Сравним эффективность метода трапеций и парабол:

>>> import math
>>> Quadrature.trapezoid(lambda x: 2 * x + 1 / math.sqrt(x + 1 / 16), 0, 1.5, rtol=1e-9)
Total function calls: 65537
4.250000001385811
>>> Quadrature.simpson(lambda x: 2 * x + 1 / math.sqrt(x + 1 / 16), 0, 1.5, rtol=1e-9)
Total function calls: 2049
4.2500000000490985

Как видим, обоими методами ответ можно получть с достаточно высокой точностью, но количество вызовов подынтегральной функции разительно отличается — метод более высокого порядка эффективнее в 32 раза!

Построив график погрешности интегрирования от числа шагов, можно убедиться, что порядок аппроксимации формулы Симпсона равен четырём, т.е. ошибка численного интегрирования $|I_{Simps, n} - I| = O(1/n^4)$ (а интегралы от кубических многочленов с помощью этой формулы вычисляются с точностью до ошибок округления при любом чётном n>0!).

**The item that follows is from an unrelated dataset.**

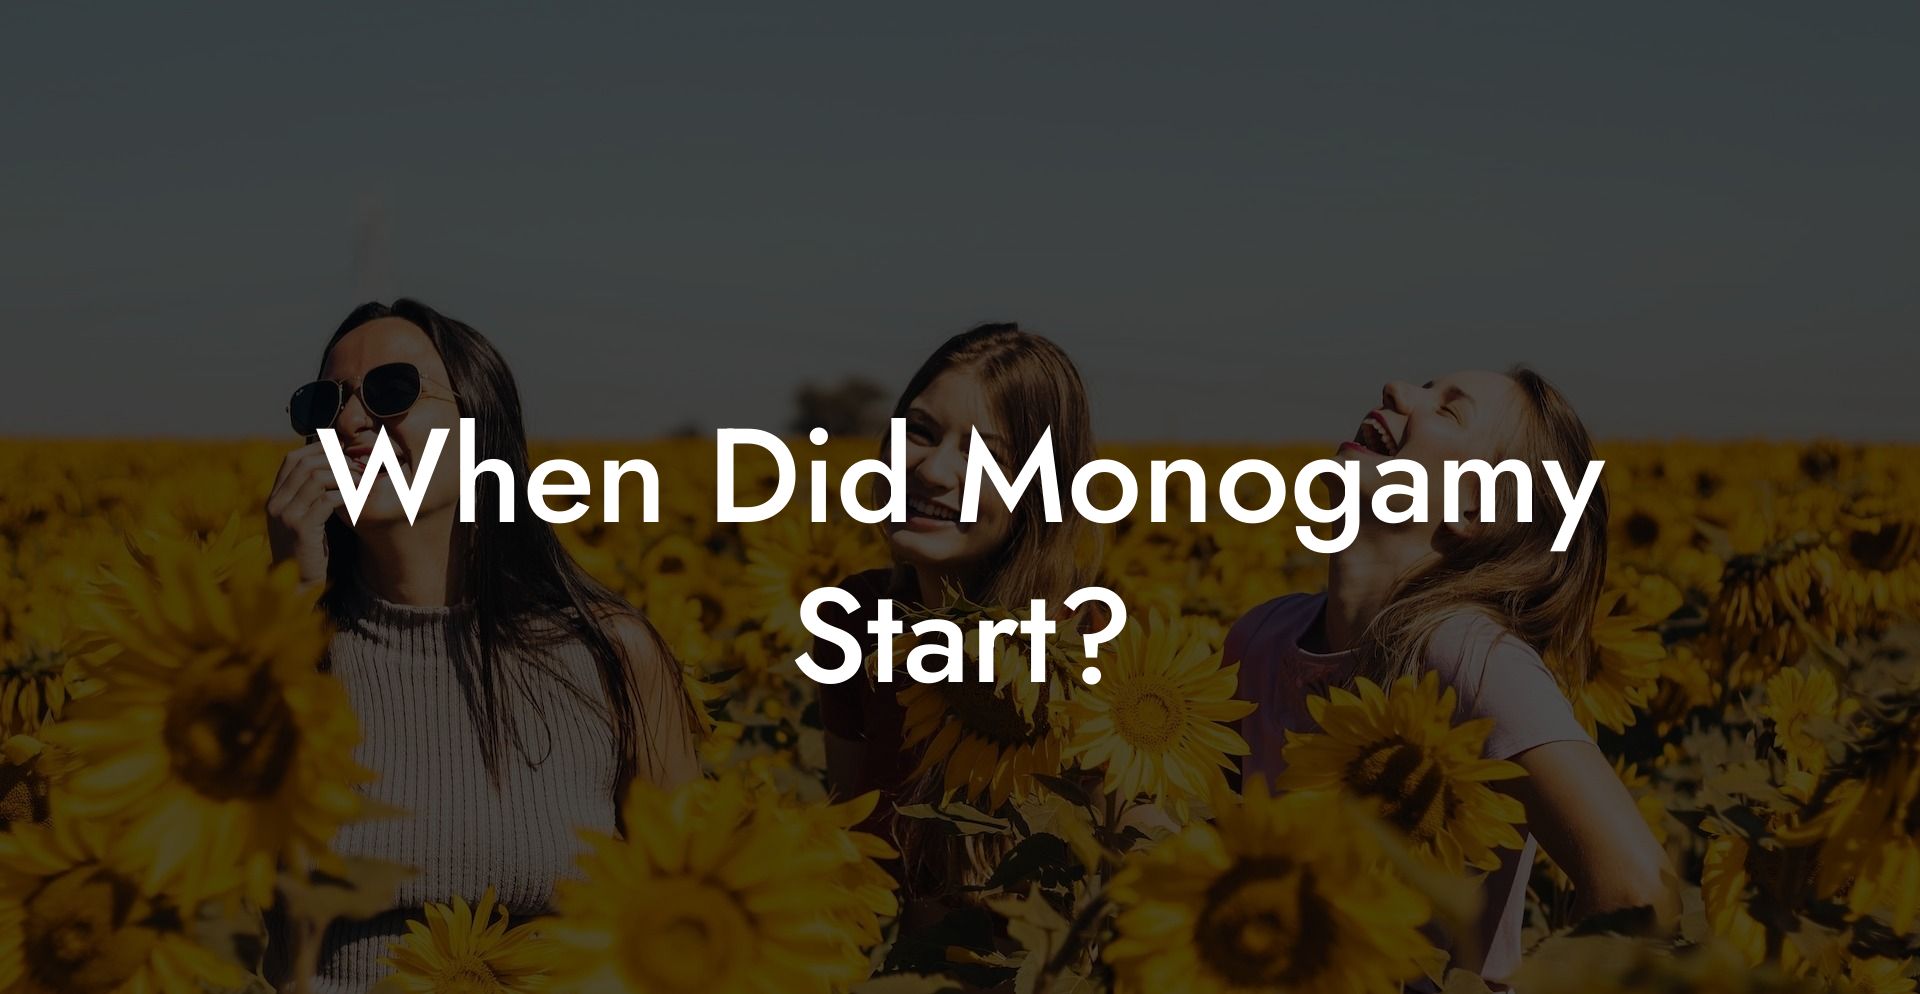 When Did Monogamy Start?

Отсюда и возникает такой рост эффективности по сравнению с простой формулой трапеций.

Что дальше?

Дальнейшая логика повышения точности квадратурных формул, в целом, понятна — если функцию продолжать приближать многочленами всё более высокой степени, то и интеграл от этих многочленов будет всё точнее приближать интеграл от исходной функции. Этот подход называется построением квадратурных формул Ньютона-Котеса. Известны формулы вплоть до 8 порядка аппроксимации, но выше среди весовых коэффициентов w_i в (2) появляются знакопеременные члены, и формулы при вычислениях теряют устойчивость.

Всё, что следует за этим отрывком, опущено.